* **Work instruction**
Give a verbatim copy of the lines below, minus the pictures.

* **The data**
----

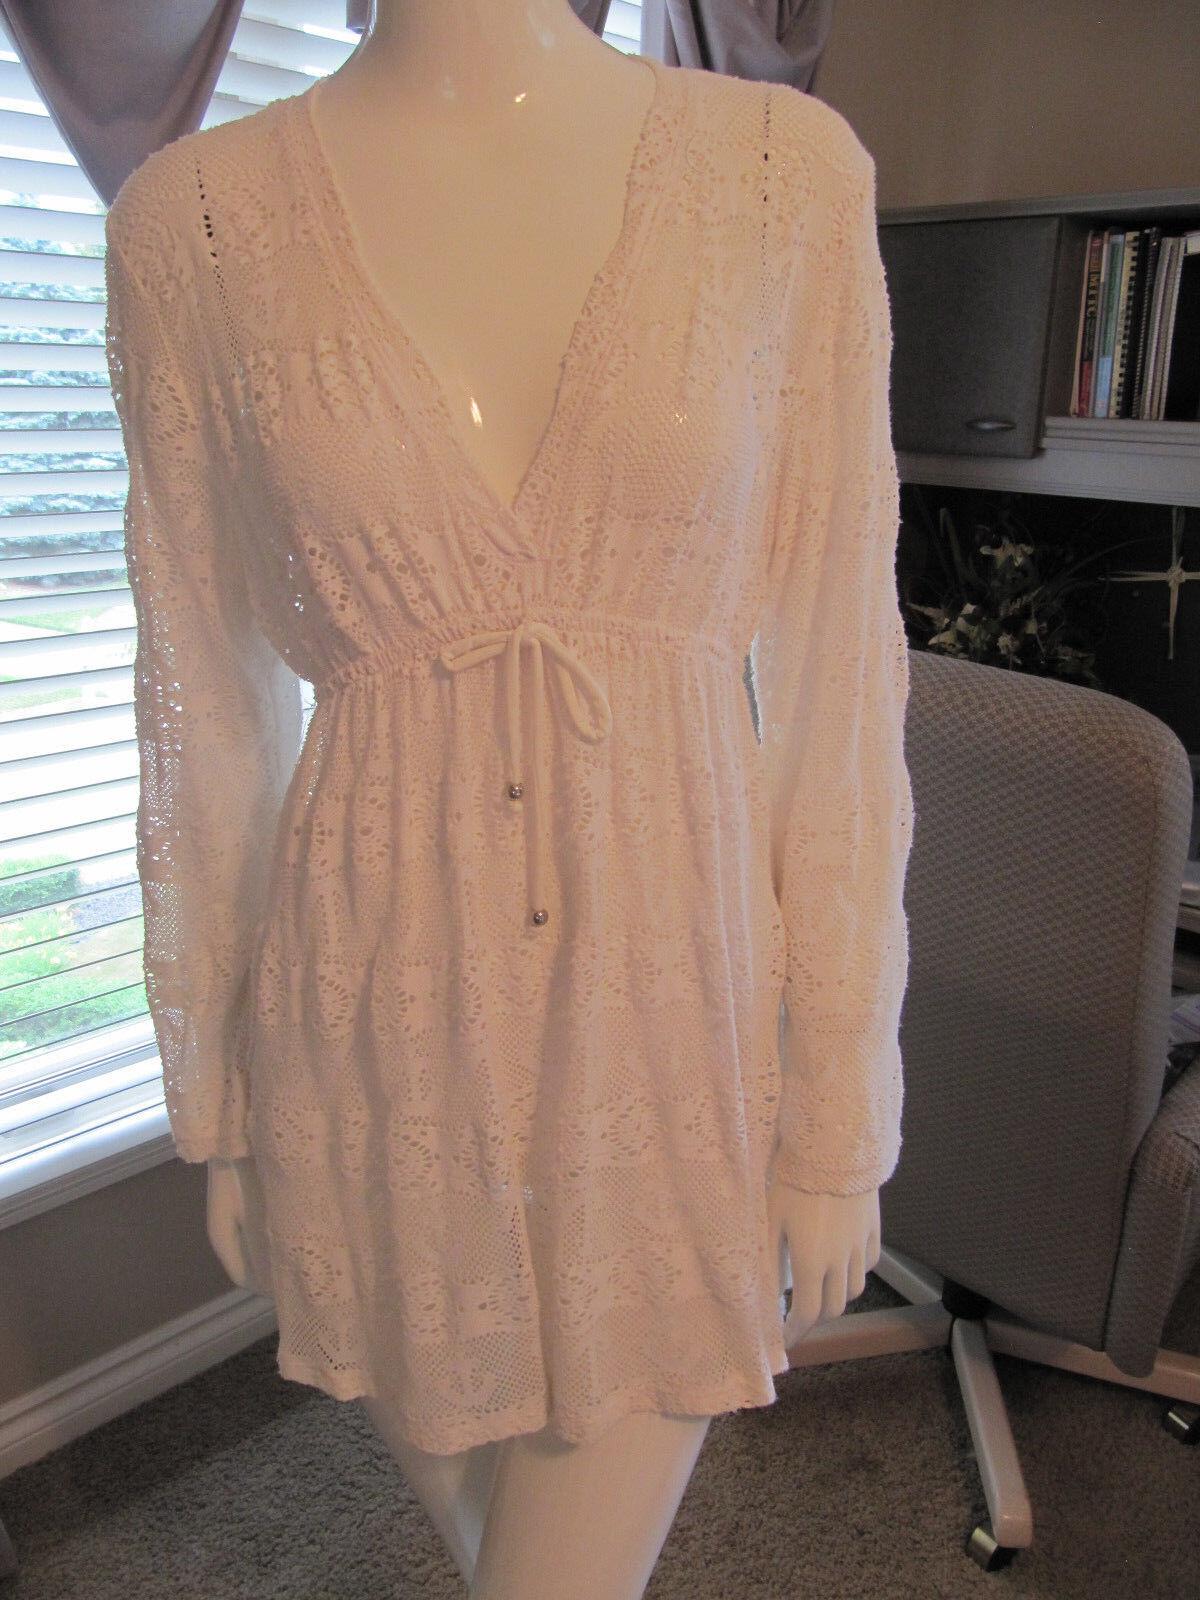 Nautica Women's White LaceTunic Swim Cover-Up Dress Dress Dress NWOT Small a7094c
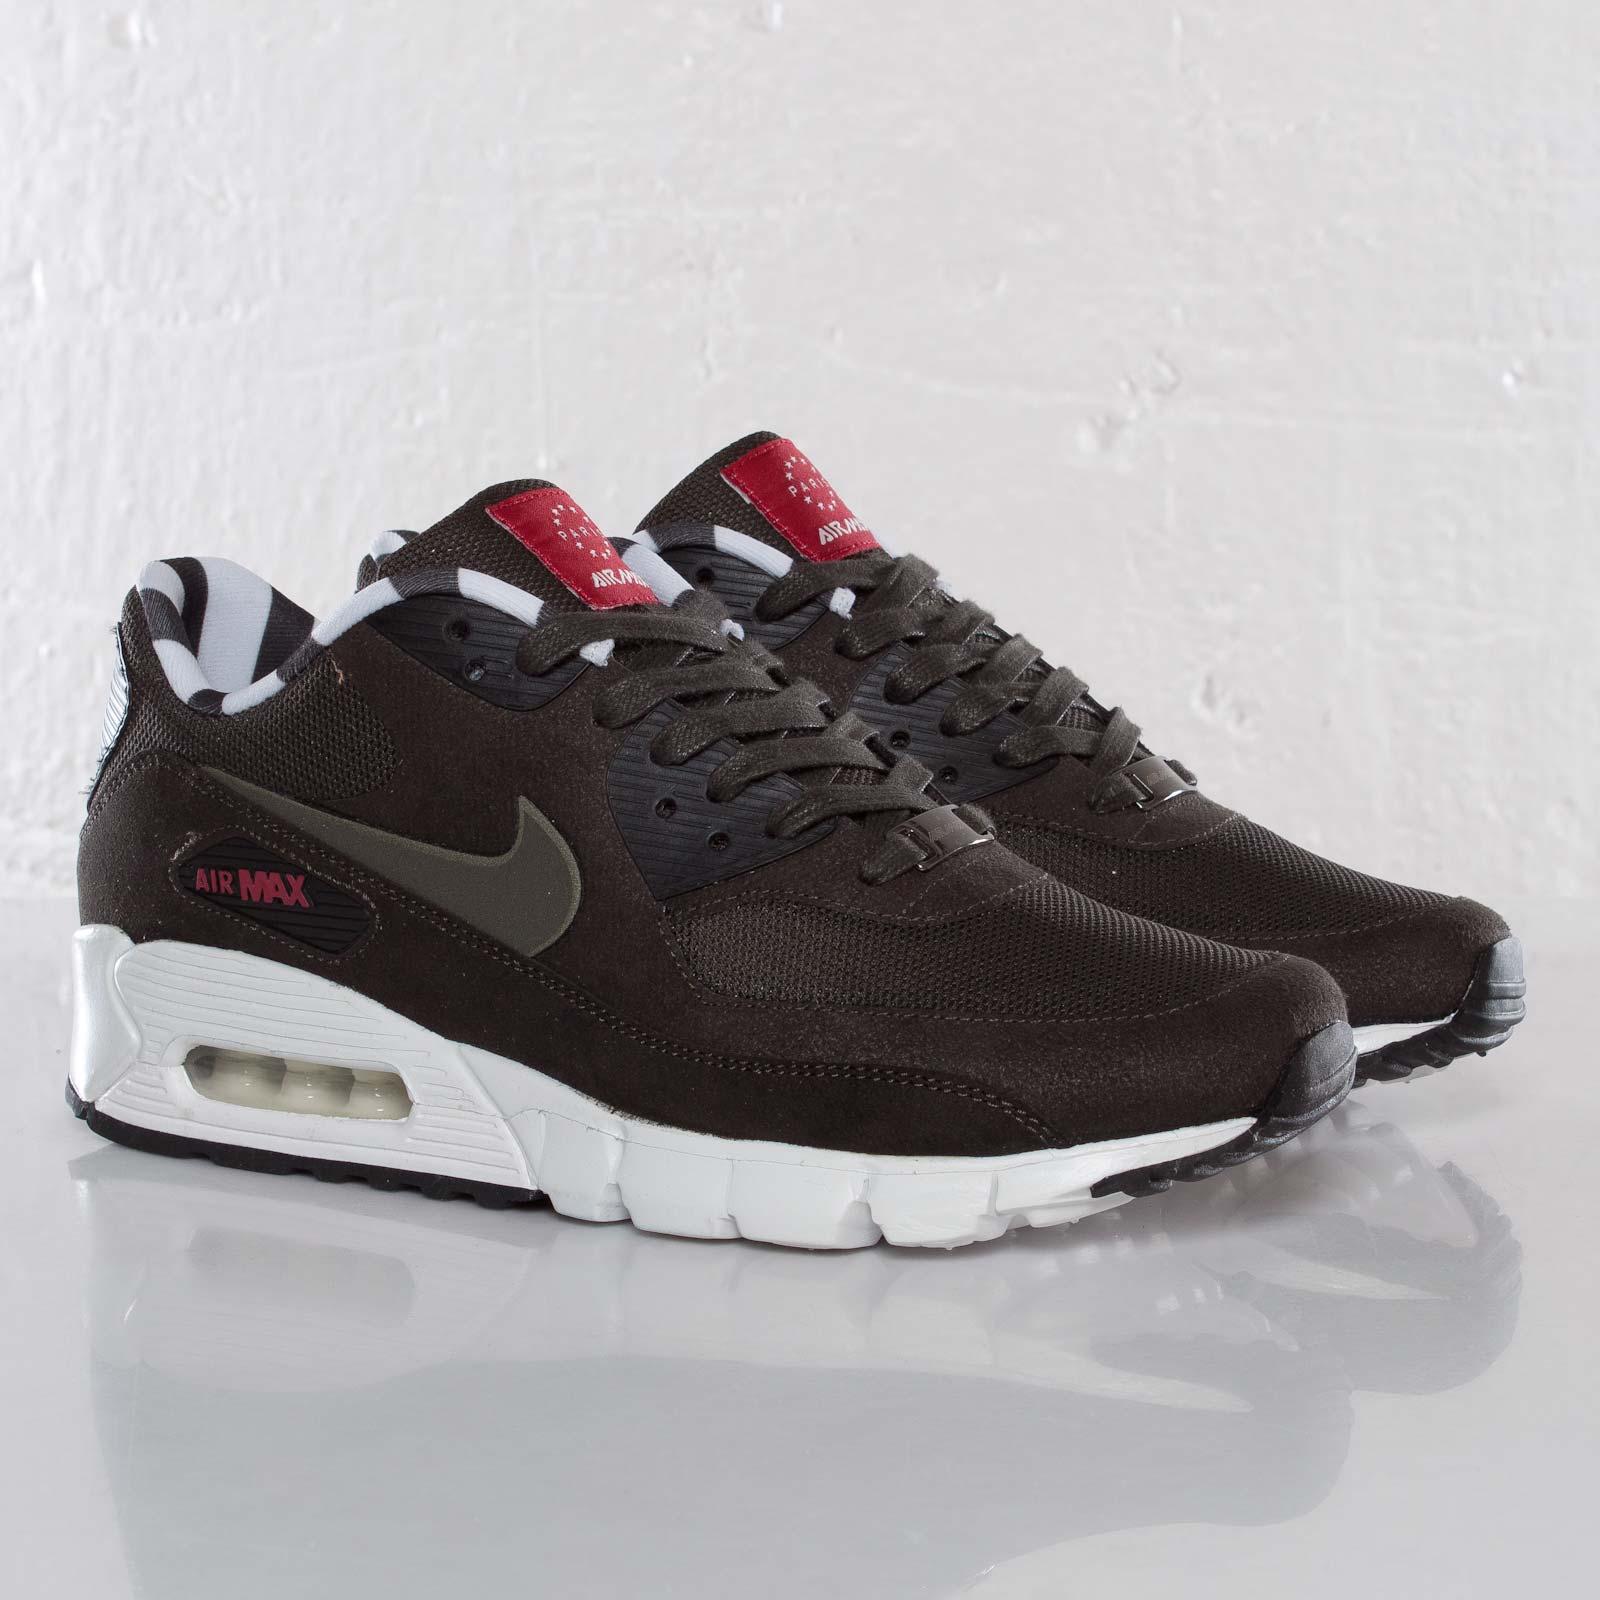 Nike Wmns Air Max 90 QS 813150 500 Sneakersnstuff
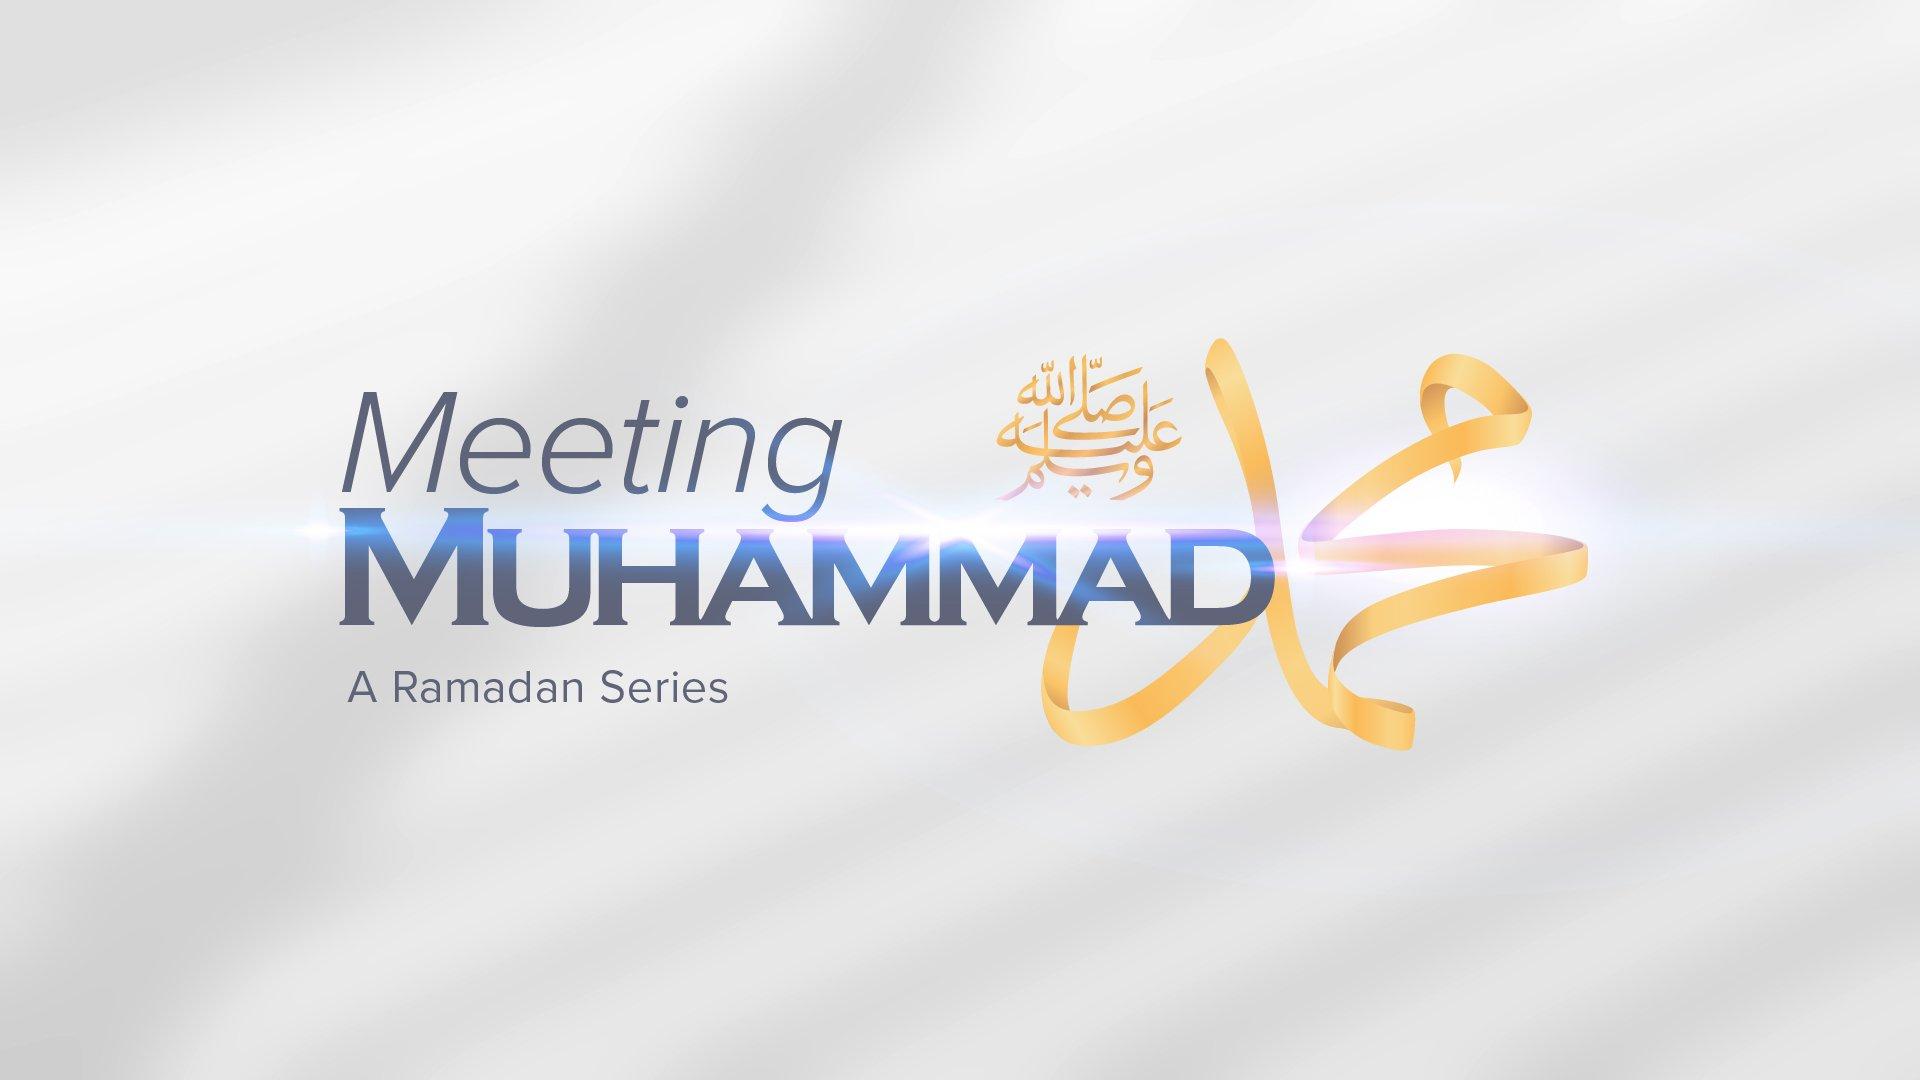 Meeting Muhammad ﷺ
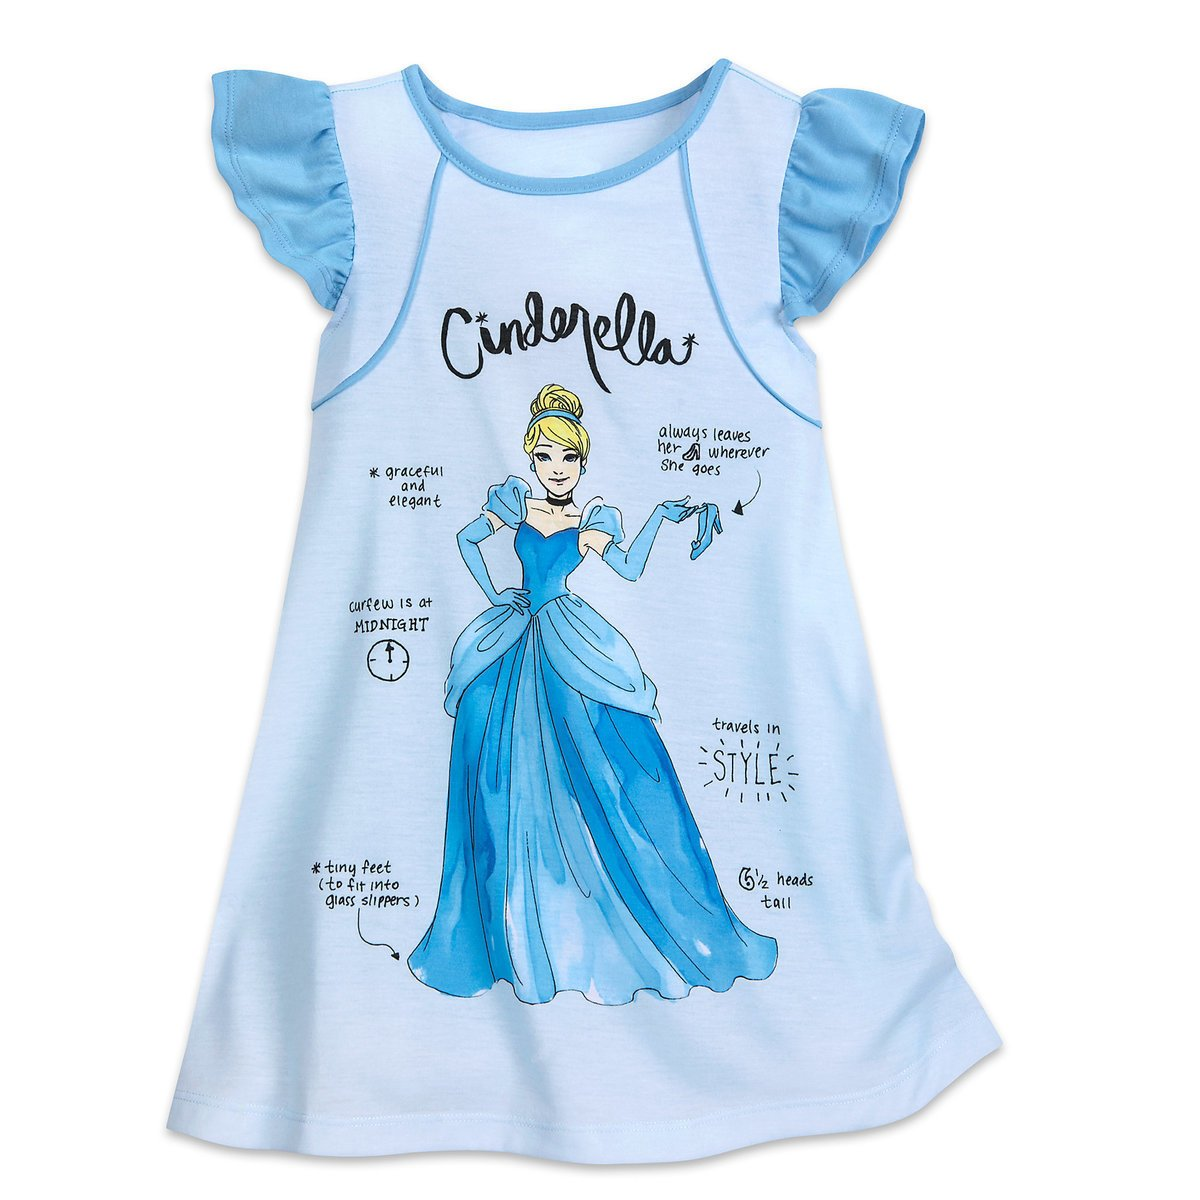 Disney Cinderella Nightshirt for Girls Size 4 Blue

----

* **Exercise solution**
 Nautica Women's White LaceTunic Swim Cover-Up Dress Dress Dress NWOT Small a7094c
 Nike Wmns Air Max 90 QS 813150 500 Sneakersnstuff
 Meeting Muhammad ﷺ
 Disney Cinderella Nightshirt for Girls Size 4 Blue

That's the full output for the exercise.